--- Supplied data Enclosed Below ---
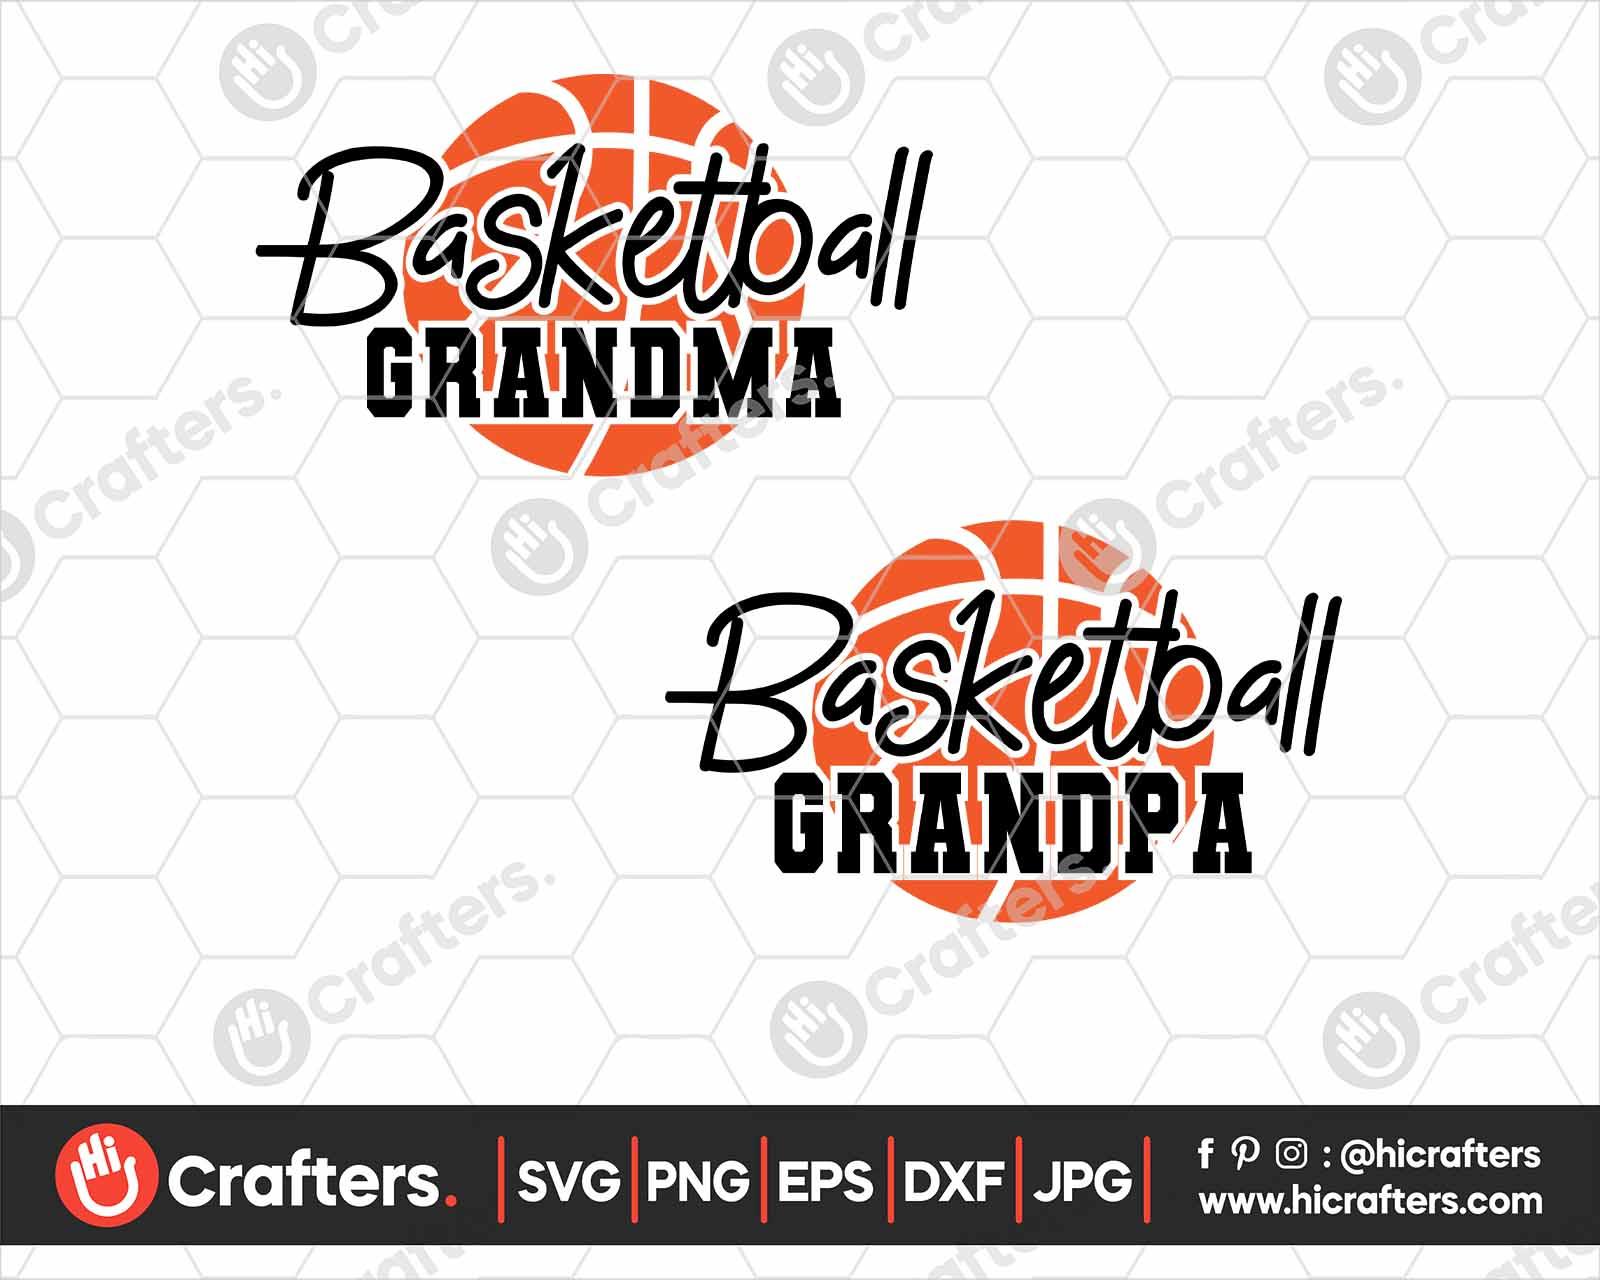 Basketball Grandma Svg Basketball Grandpa Svg Hi Crafters
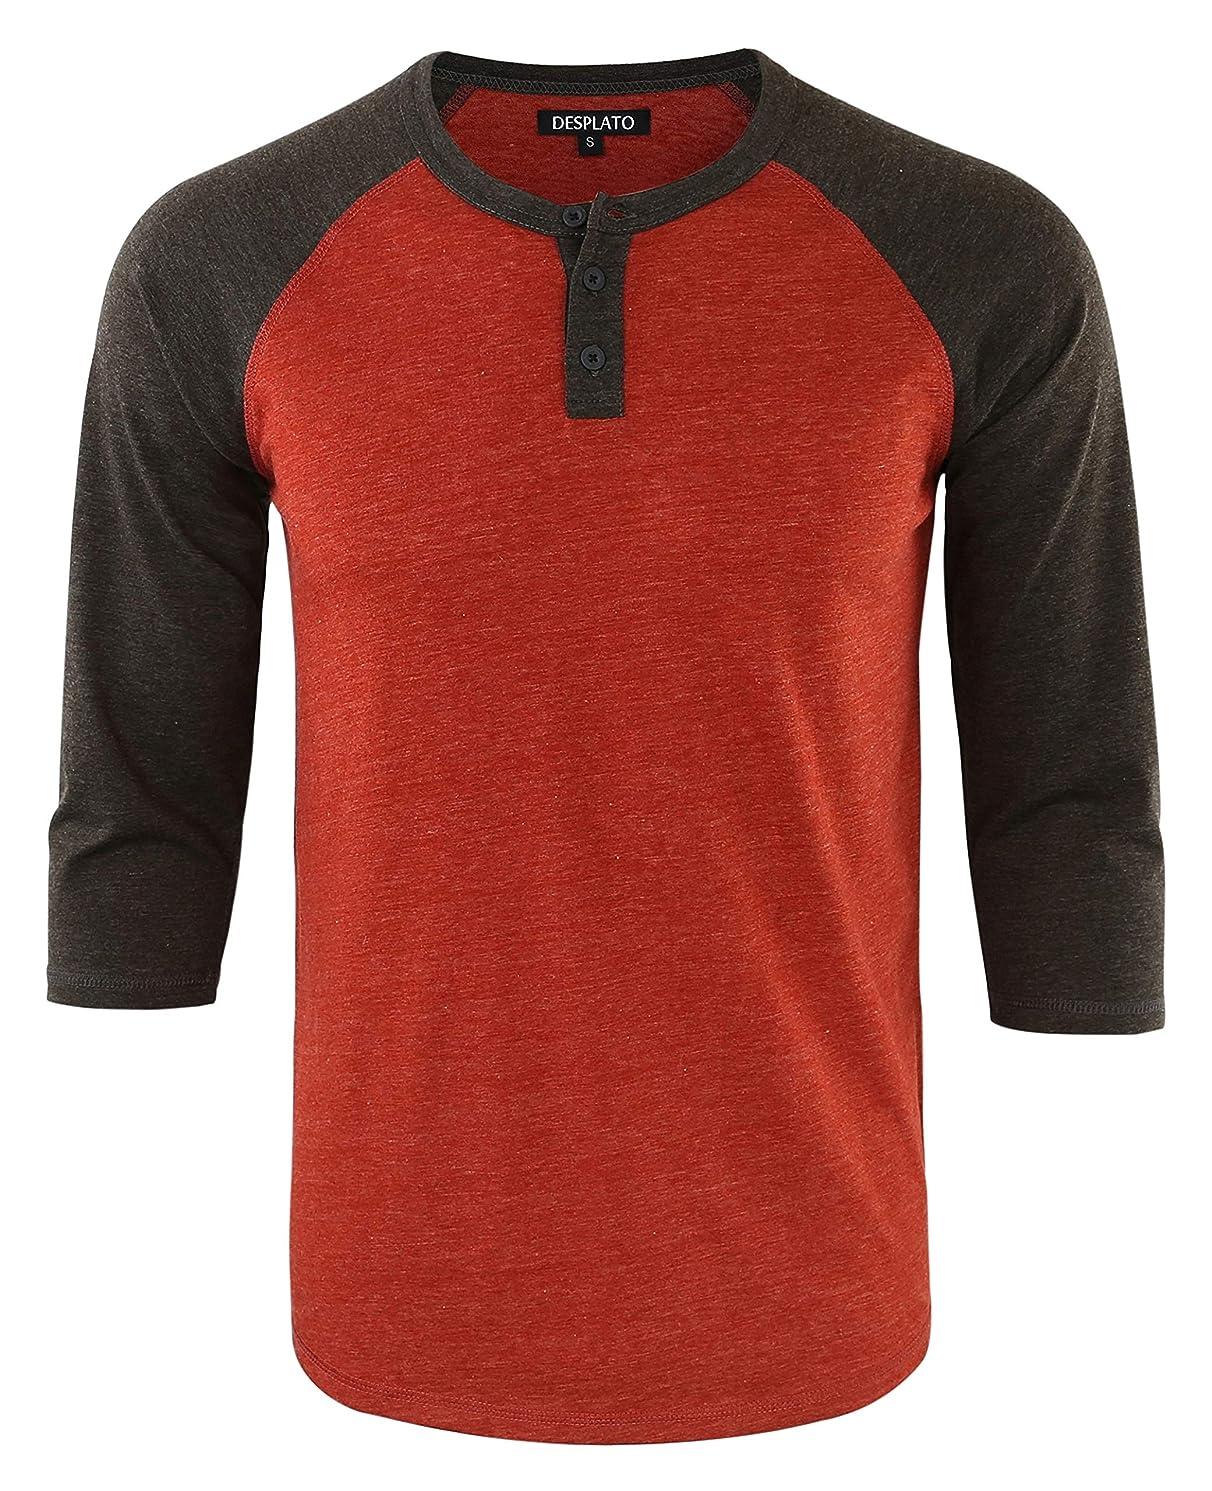 DESPLATO Men's Casual Vintage 3/4 Sleeve Henley Baseball Jersey Knit T Shirts
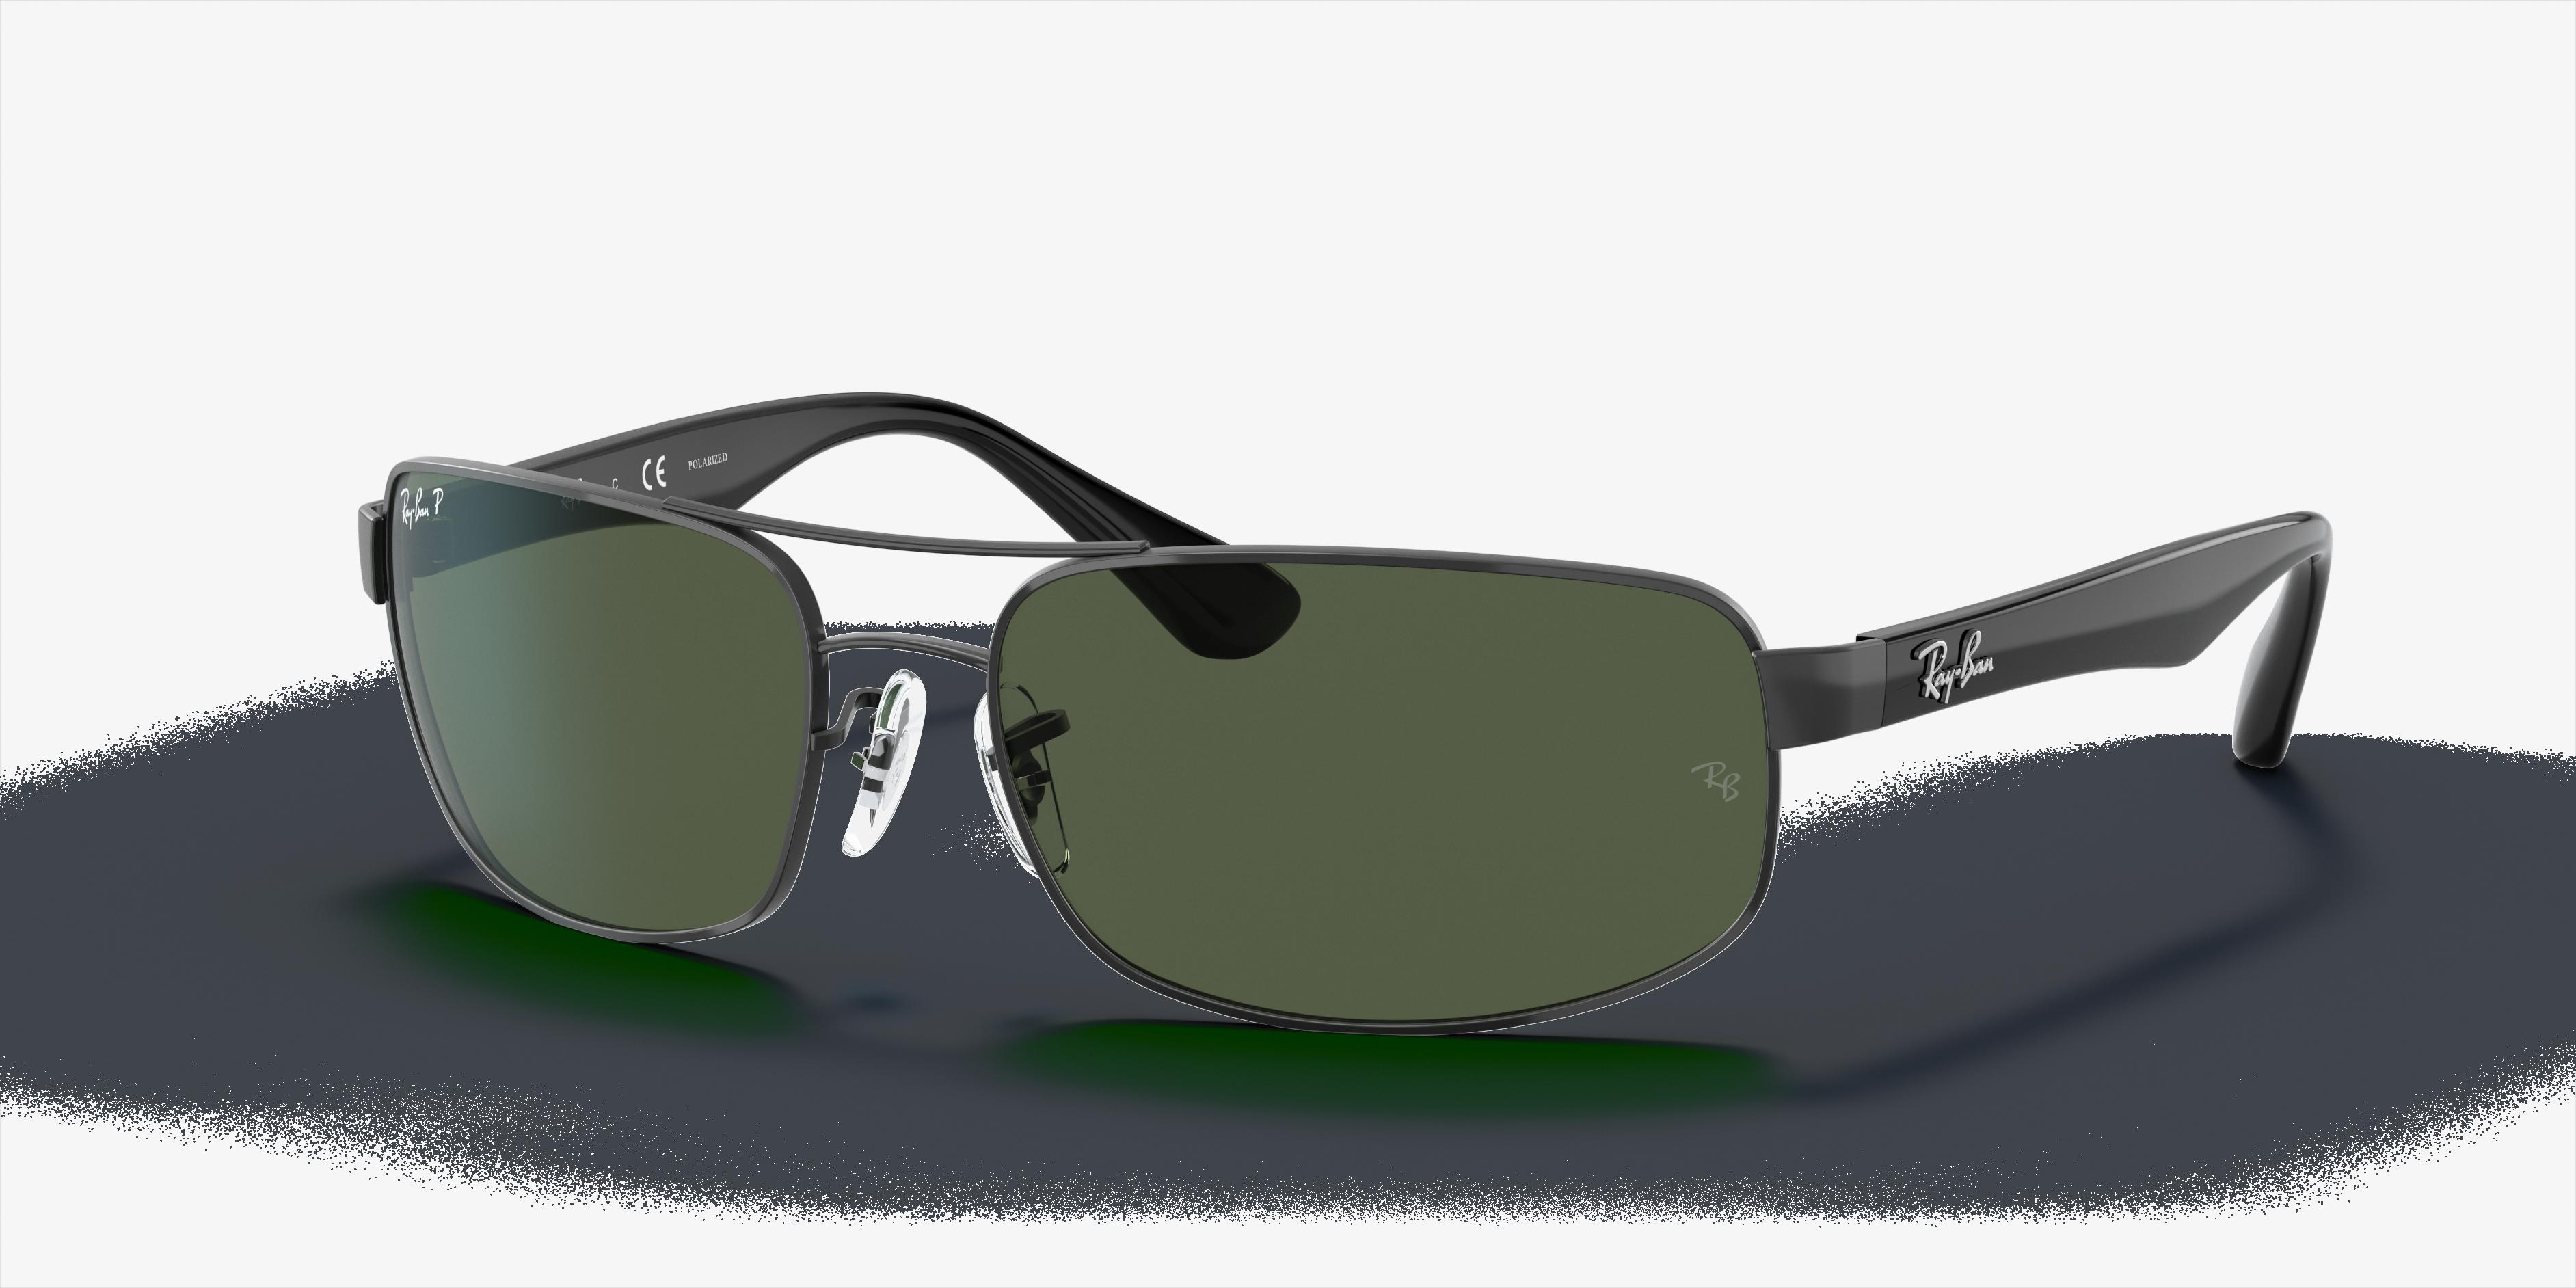 Ray-Ban Rb3445 Black, Polarized Green Lenses - RB3445
--- End of Enclosed Supplied data ---
What this calls for is a word-for-word copy of the listing above, pictures excluded.

- [Response to the task]
 Basketball Grandma Svg Basketball Grandpa Svg Hi Crafters
 DESPLATO Men's Casual Vintage 3/4 Sleeve Henley Baseball Jersey Knit T Shirts
 Ray-Ban Rb3445 Black, Polarized Green Lenses - RB3445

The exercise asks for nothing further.